Nitrates are critical for the growth of plants, so plants have evolved sophisticated mechanisms to ensure sufficient nitrate uptake from their environments. In a new study published in the journal Nature Plants, researchers at Nagoya University, Japan, have identified a plant enzyme that is key to activating a nitrate uptake mechanism in response to nitrogen starvation. This finding explains how plants meet their needs in challenging environments, opening doors to improving agriculture in such environments.

When nitrate levels are plentiful in a plant's environment, a plant can achieve adequate nitrate uptake levels by relying on what plant biologists call a "low-affinity transport system." But when nitrates become scarce in a plant's local environment, it may need to switch to a more powerful nitrate uptake mechanism known as a "high-affinity transport system." In Arabidopsis plants, which frequently serve as model organisms for plant biology research, the NRT2.1 protein plays an important role in the high-affinity transport system. Interestingly, when Arabidopsis plants synthesize the NRT2.1 protein, they initially produce an inactive protein that can later be activated when the high-affinity transport system is needed.

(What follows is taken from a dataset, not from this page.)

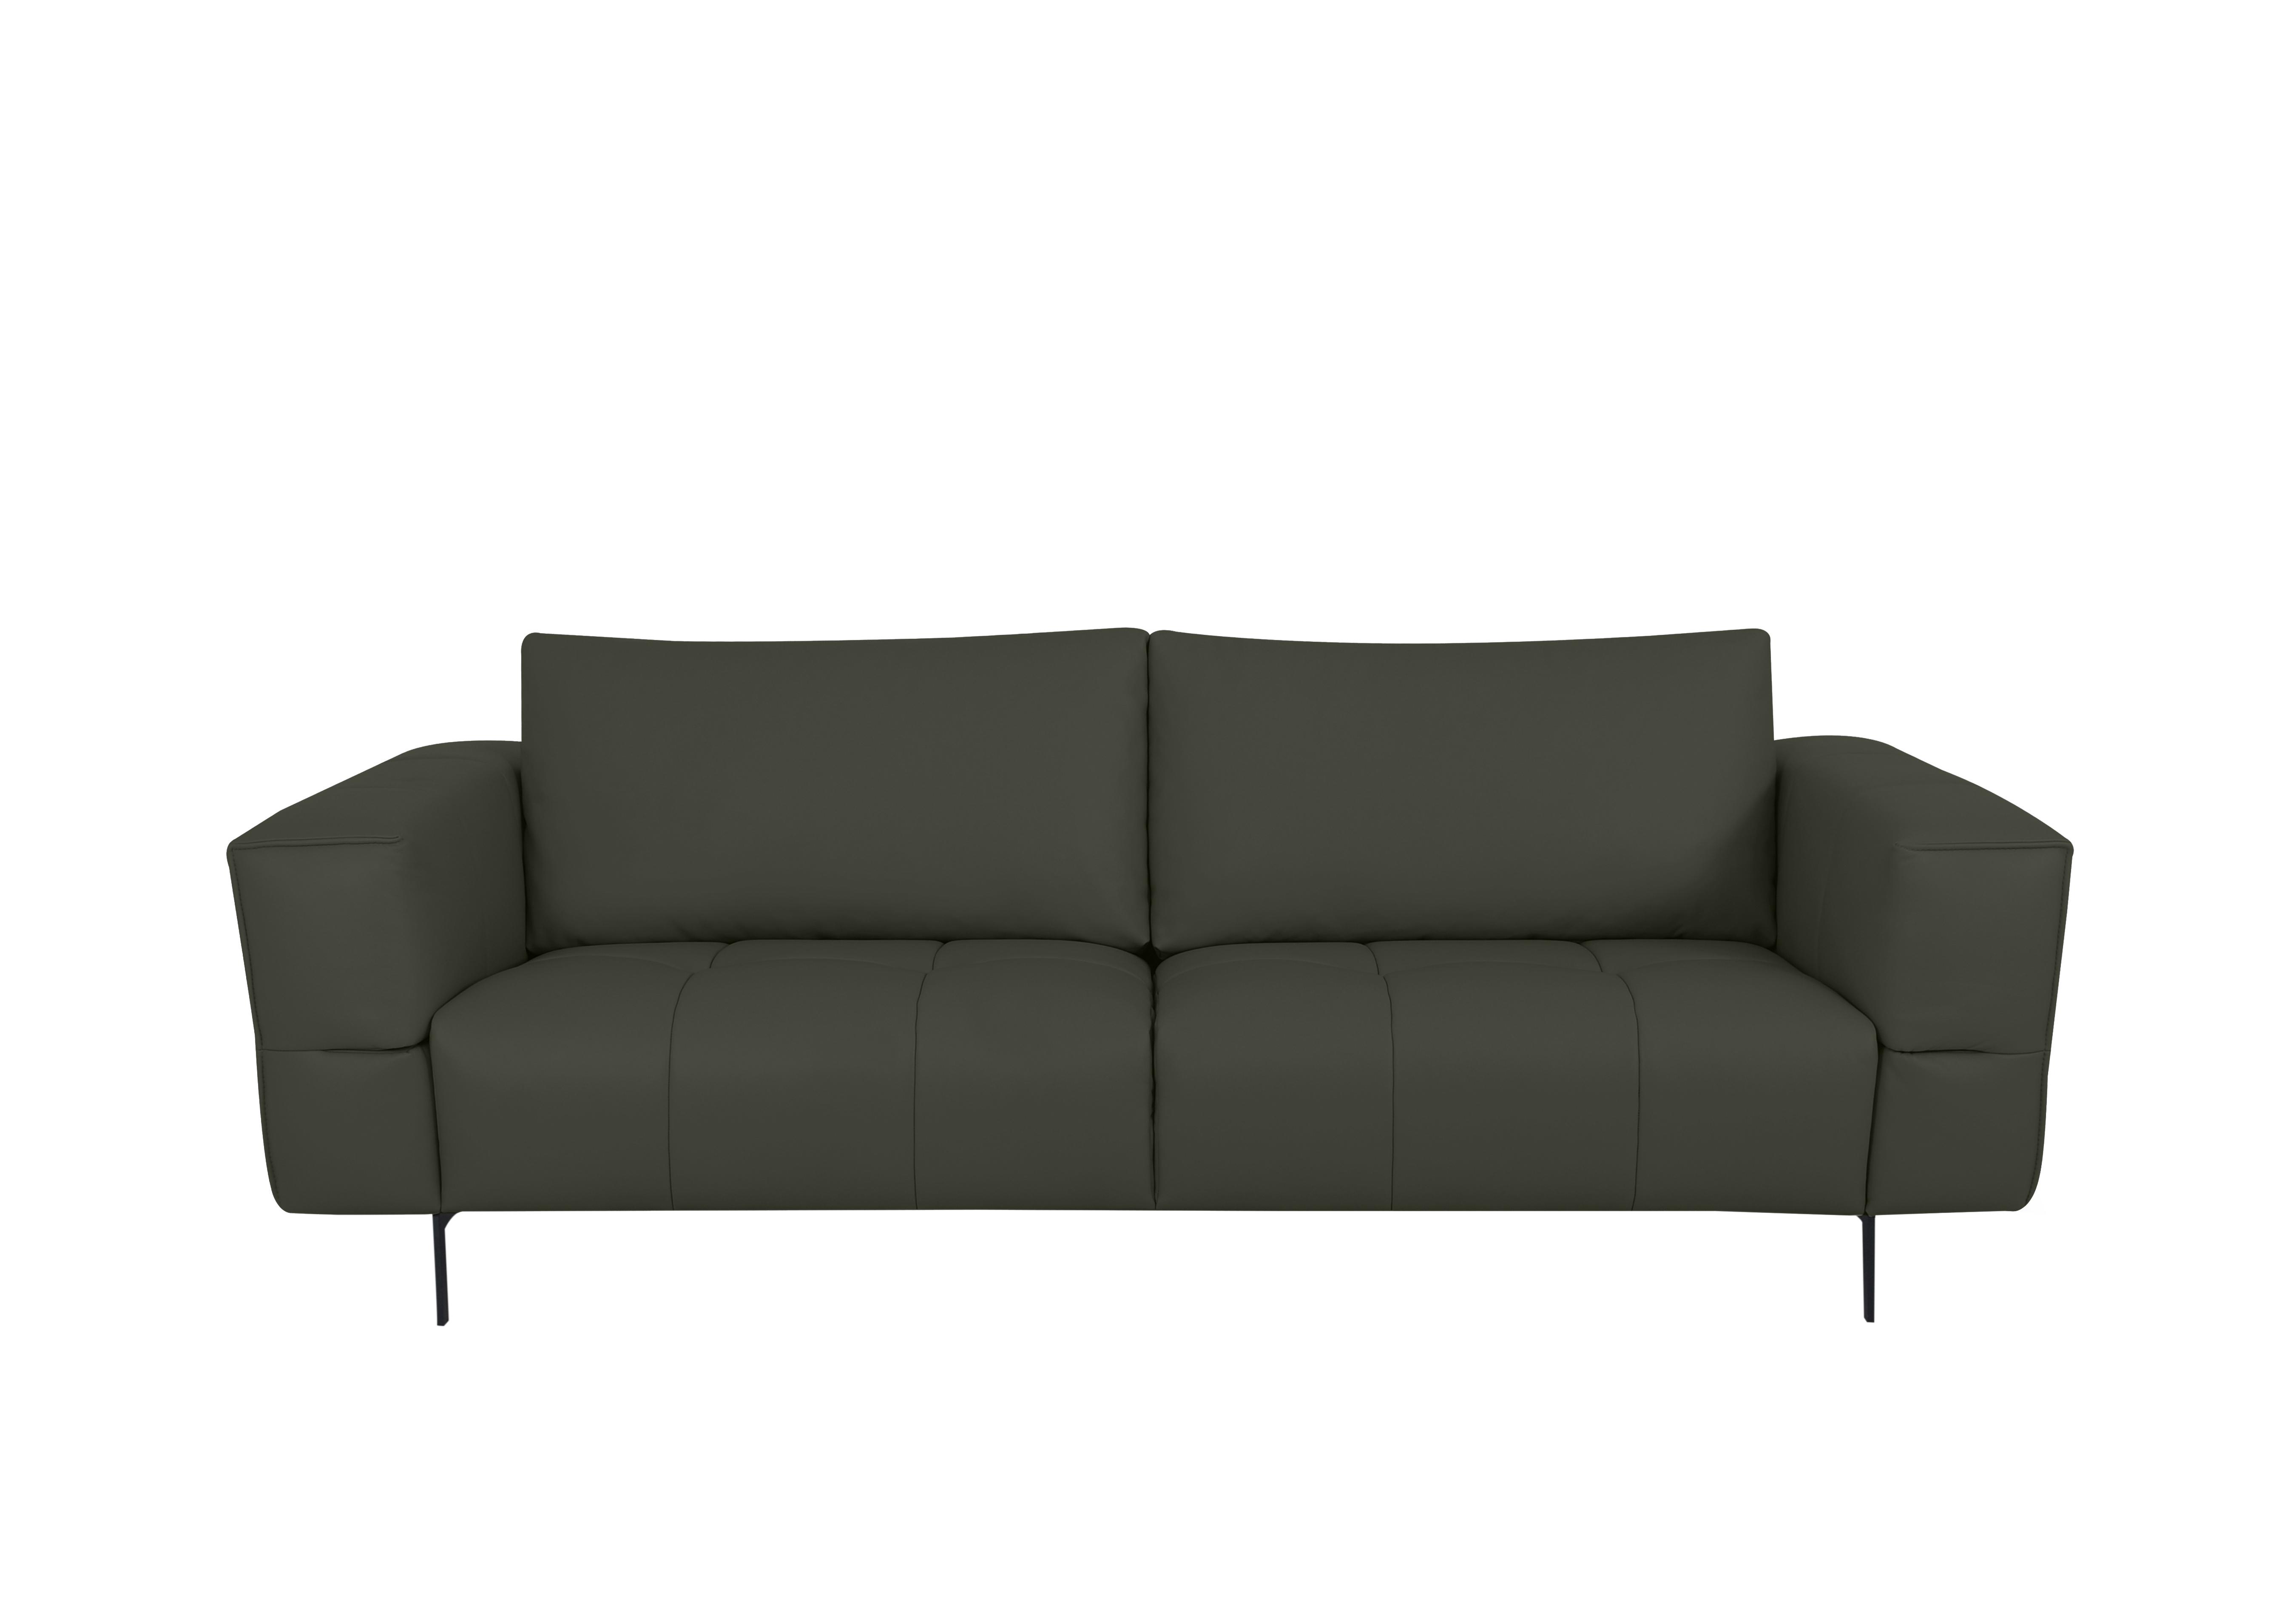 Lawson 3 Seater Leather Sofa in Np-548e Dark Olive on Furniture Village

This synthesis of a nonfunctioning protein that can later be activated intrigued Dr. Yoshikatsu Matsubayashi of Nagoya University, but he sees a certain logic in this preparatory protein synthesis; he notes, "Proteins cannot be synthesized when the nitrogen deficiency occurs." In other words, plants need to synthesize the proteins in a high-affinity transport system before a nitrogen deficiency necessitates the use of those proteins, because nitrogen deficiency itself makes it difficult to synthesize new proteins. In order to better understand this remarkable system, Dr. Matsubayashi and his colleagues set out to identify the protein that activates NRT2.1 in response to nitrogen starvation.

Previous studies had shown that a peptide called CEP found in plant roots plays an important role in activating biochemical pathways that respond to nitrogen starvation, so the researchers focused their investigation on the CEP and its downstream CEPD pathway. Their experiments soon drew their attention to a protein called At4g32950. The researchers found that this protein responds to nitrogen starvation by activating the NRT2.1 protein. It achieves this activation by removing a phosphate group from a specific location on the NRT2.1 protein, so the investigators decided to give the At4g32950 protein a new name: CEPD-induced phosphatase, or "CEPH" for short.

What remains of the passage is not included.